It was a busy night on the campaign trail Tuesday, as candidates in several key races faced off in debates. Moderators frequently asked whether candidates thought President Obama should commit US ground troops to the fight against ISIS—and most Republican candidates dodged the question with notable clumsiness.
In North Carolina, which has the third-highest military population among US states, incumbent Democratic Senator Kay Hagan is opposed to troops on the ground. In Tuesday’s debate, moderated by ABC’s George Stephanopoulos, she noted the United States “has many domestic needs at home” and said Iraqi and Syrian soldiers should wage the fight. Then Stephanopoulos put the question to her opponent, Thom Tillis:
STEPHANOPOLOUS: When I was speaking to House Speaker John Boehner last week, he told me that if other nations don’t step forward, the United States would have no choice but to put boots on the ground. Do you agree?
TILLIS: I think one of the reasons that many nations are afraid to step forward is because this president is afraid to lead the world. Normally in crises like these, the president is considered to be the leader of the free world. He rallies nations together to put down terrorist threats like ISIS. But now our allies, our friends across the world, really don’t know where this president stands because he telegraphs his plan to our enemies, he gives strength to the terrorists by telling them what we’re not going to do.

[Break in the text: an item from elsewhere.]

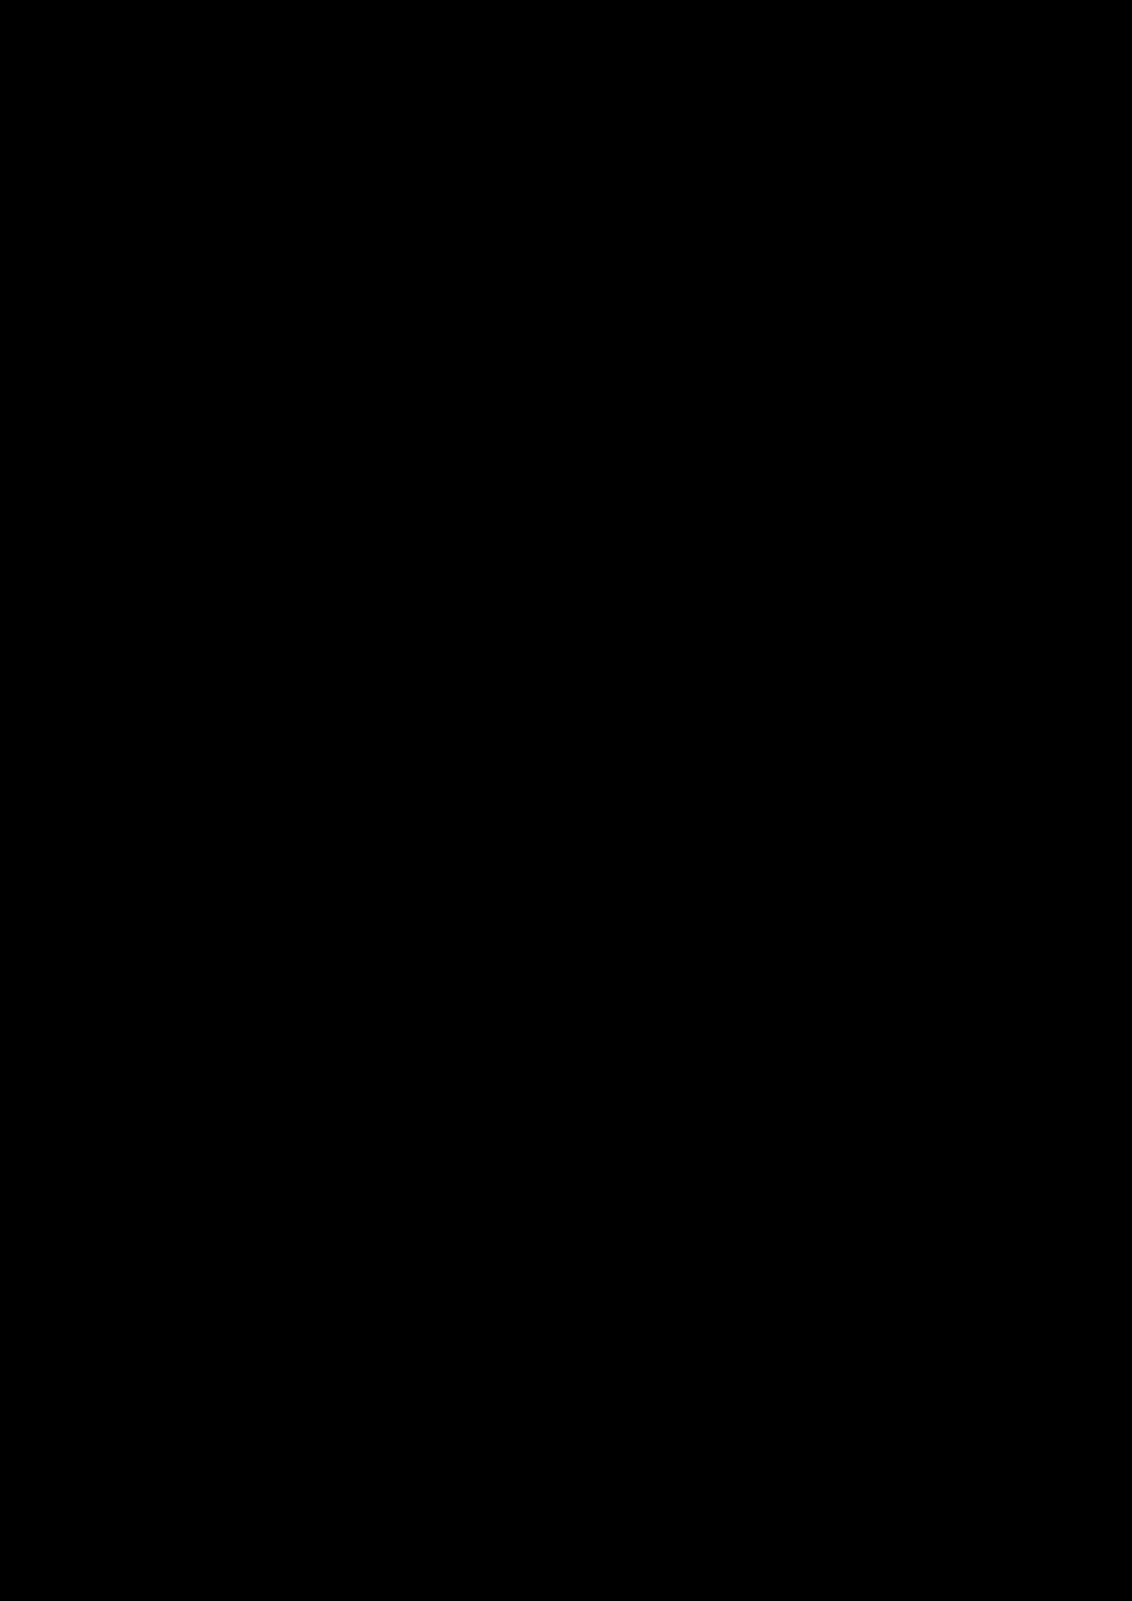 Ten lyubvi slide, Image 5

He should have everything on the table and he should build some credibility and Senator Hagan should be right there with him.

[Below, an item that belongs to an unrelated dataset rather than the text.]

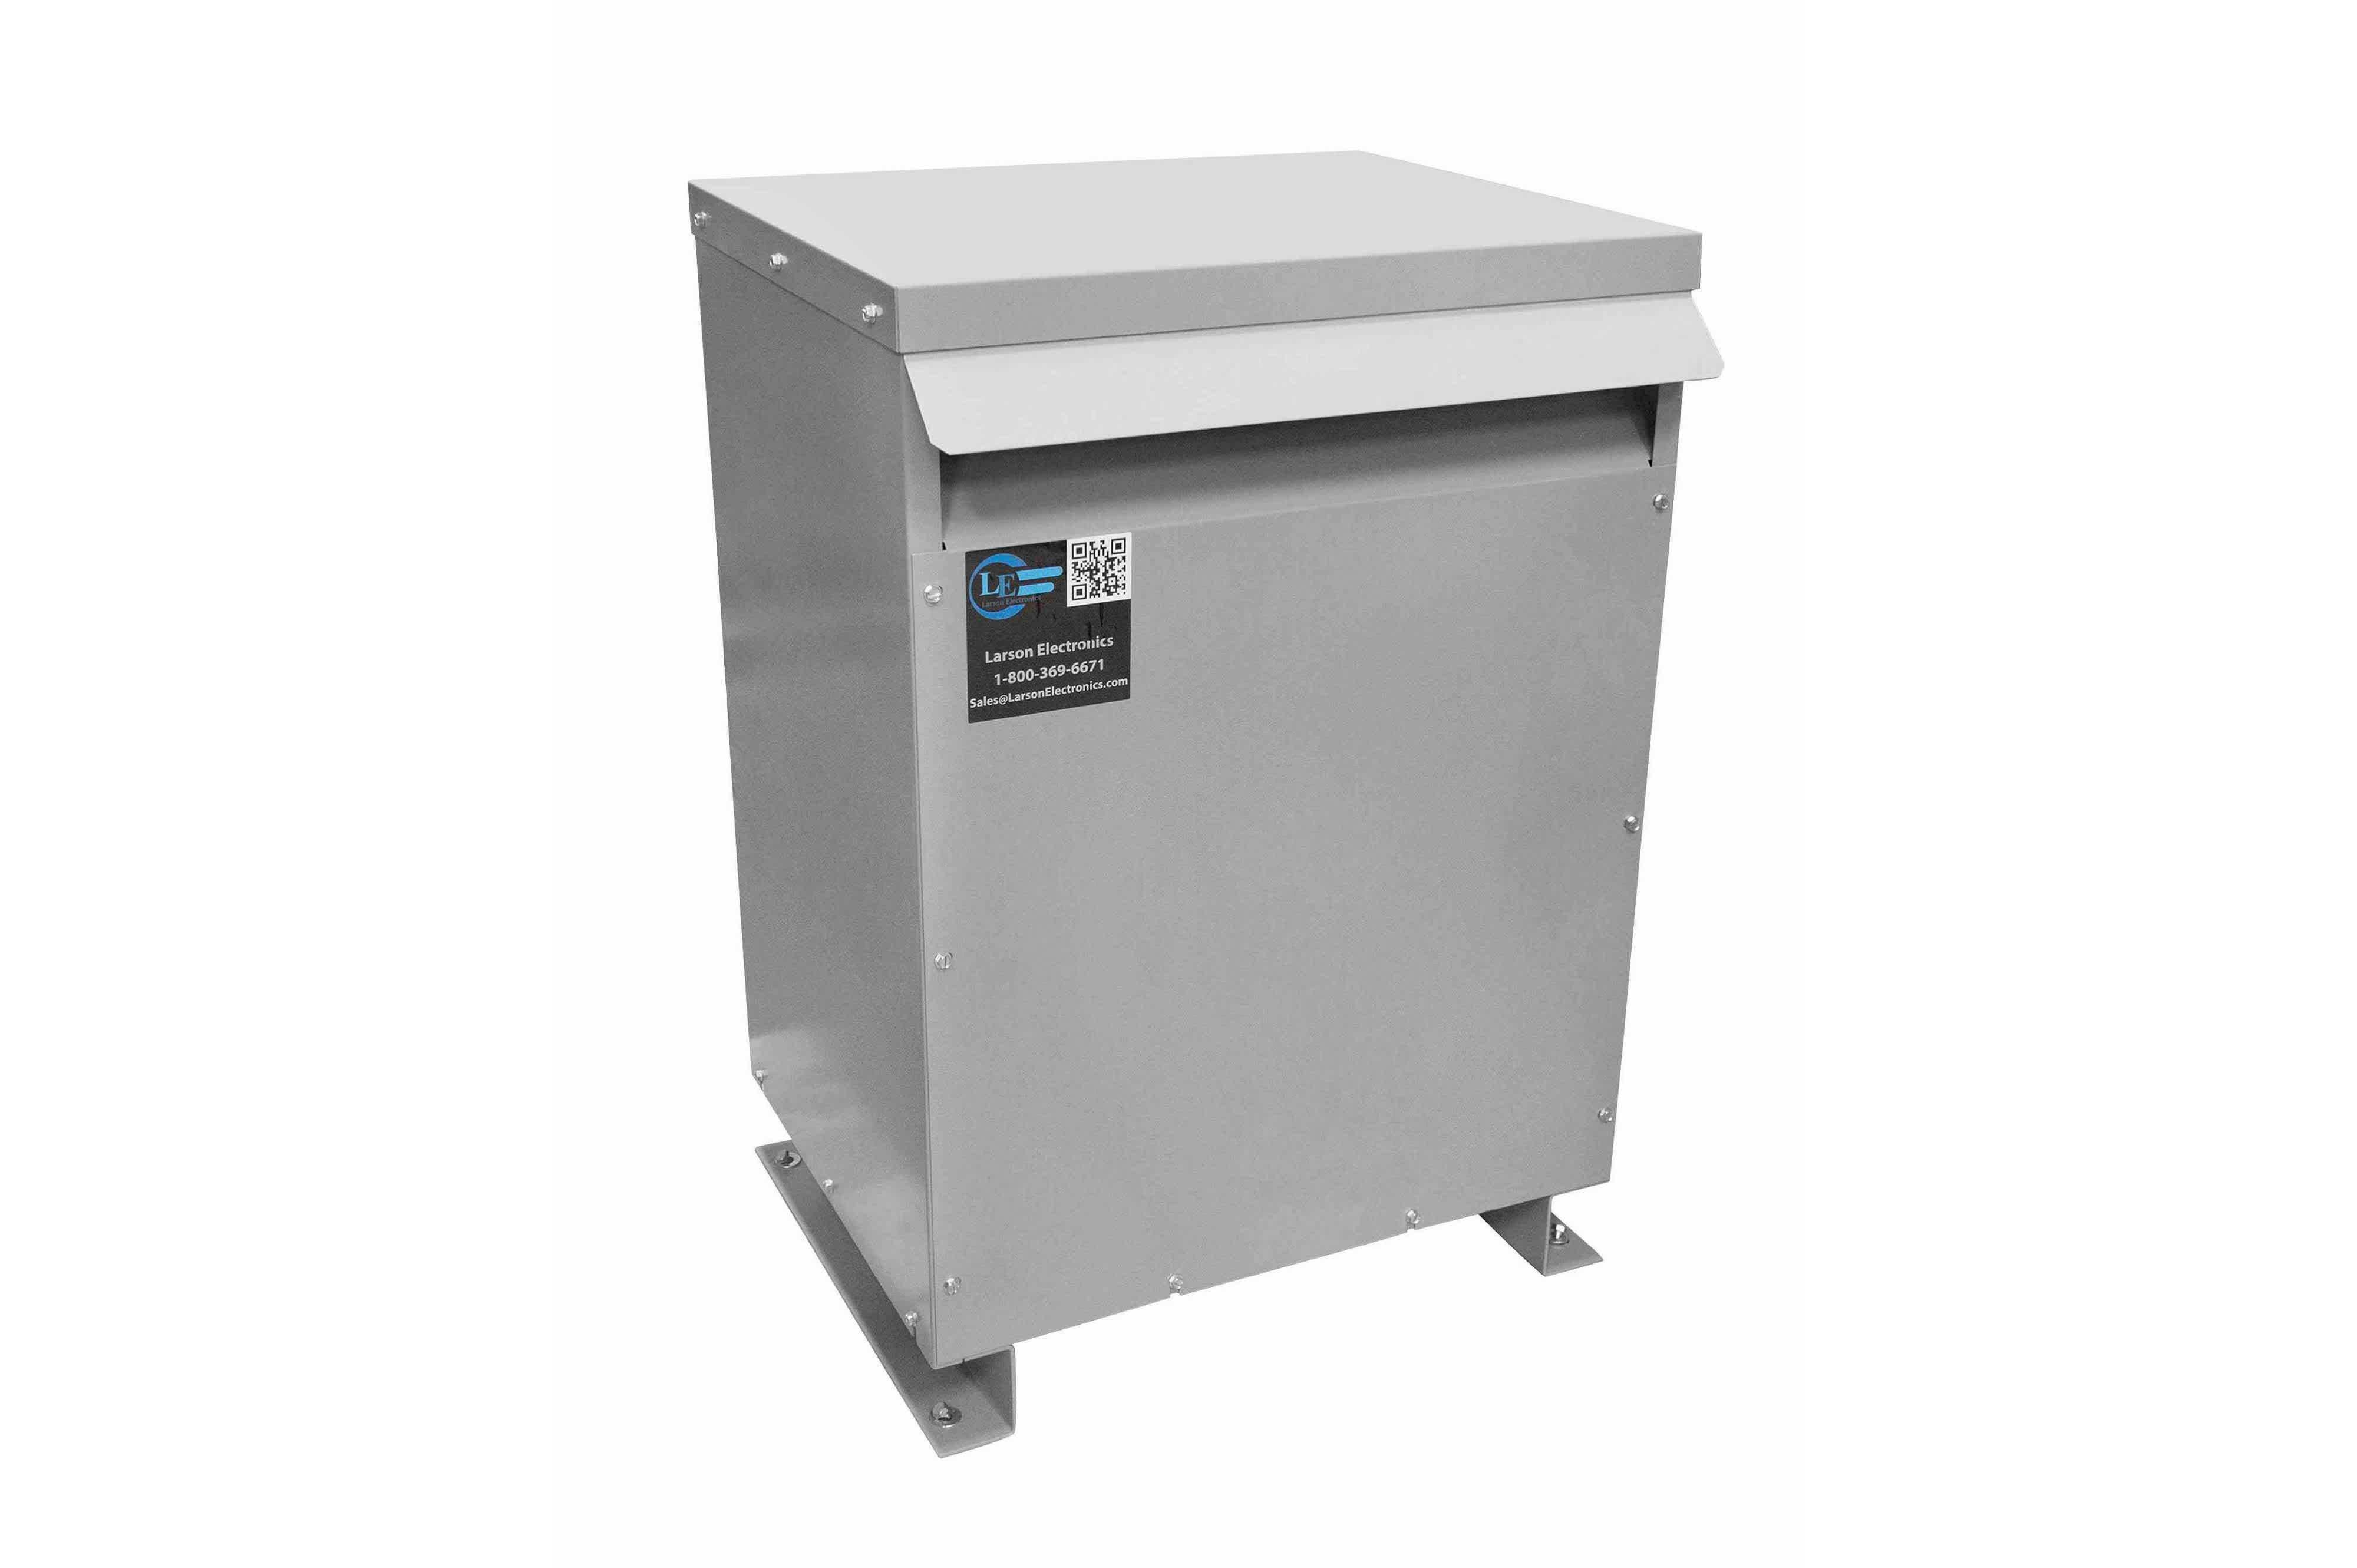 65 kVA 3PH Isolation Transformer, 600V Wye Primary, 208V Delta Secondary, N3R, Ventilated, 60 Hz

There’s a small glimmer of an answer in there; Tillis seemed to be suggesting it was best not to say one way or the other whether ground troops should go. Stephanopoulos did not follow up, but Hagan immediately noted that Tillis didn’t answer the question.

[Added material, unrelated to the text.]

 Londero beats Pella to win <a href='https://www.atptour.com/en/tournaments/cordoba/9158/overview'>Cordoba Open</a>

In Colorado’s Senate debate on Tuesday, Republican Representative Cory Gardner was directly asked to “describe the circumstances in which you would support American boots on the ground in Syria and Iraq,” and answered with a word salad of attacks on Udall and Obama’s foreign policy. (Democratic incumbent Mark Udall opposes troops on the ground.) Gardner’s answer in full:
GARDNER: Look, our foreign policy is in the situation it is today because of the failure of leadership at the White House. And the president has said his policies are going to be on the ballot this November. Mark Udall voted with those policies 99 percent of the time. The president said we have no strategy when it comes to dealing with ISIL. The president said they were junior varsity actors. The president said we will lead from behind, and that’s Mark Udall’s plan, too, because he agrees with him 99 percent of the time. We must make sure that we protect the safety and security of American families. That’s why I have supported efforts to make sure that we take out the terrorists. But Senator Udall believes the Islamic State is not an imminent threat to our nation. Senator Udall believes that they are not plotting against our country. We had people arrested at Denver International Airport for conspiring with the Islamic State. In Chicago for conspiring with the Islamic State. And Senator Udall doesn’t even show up at the Armed Services hearing when it talks about emerging threats. Senator Udall is absent.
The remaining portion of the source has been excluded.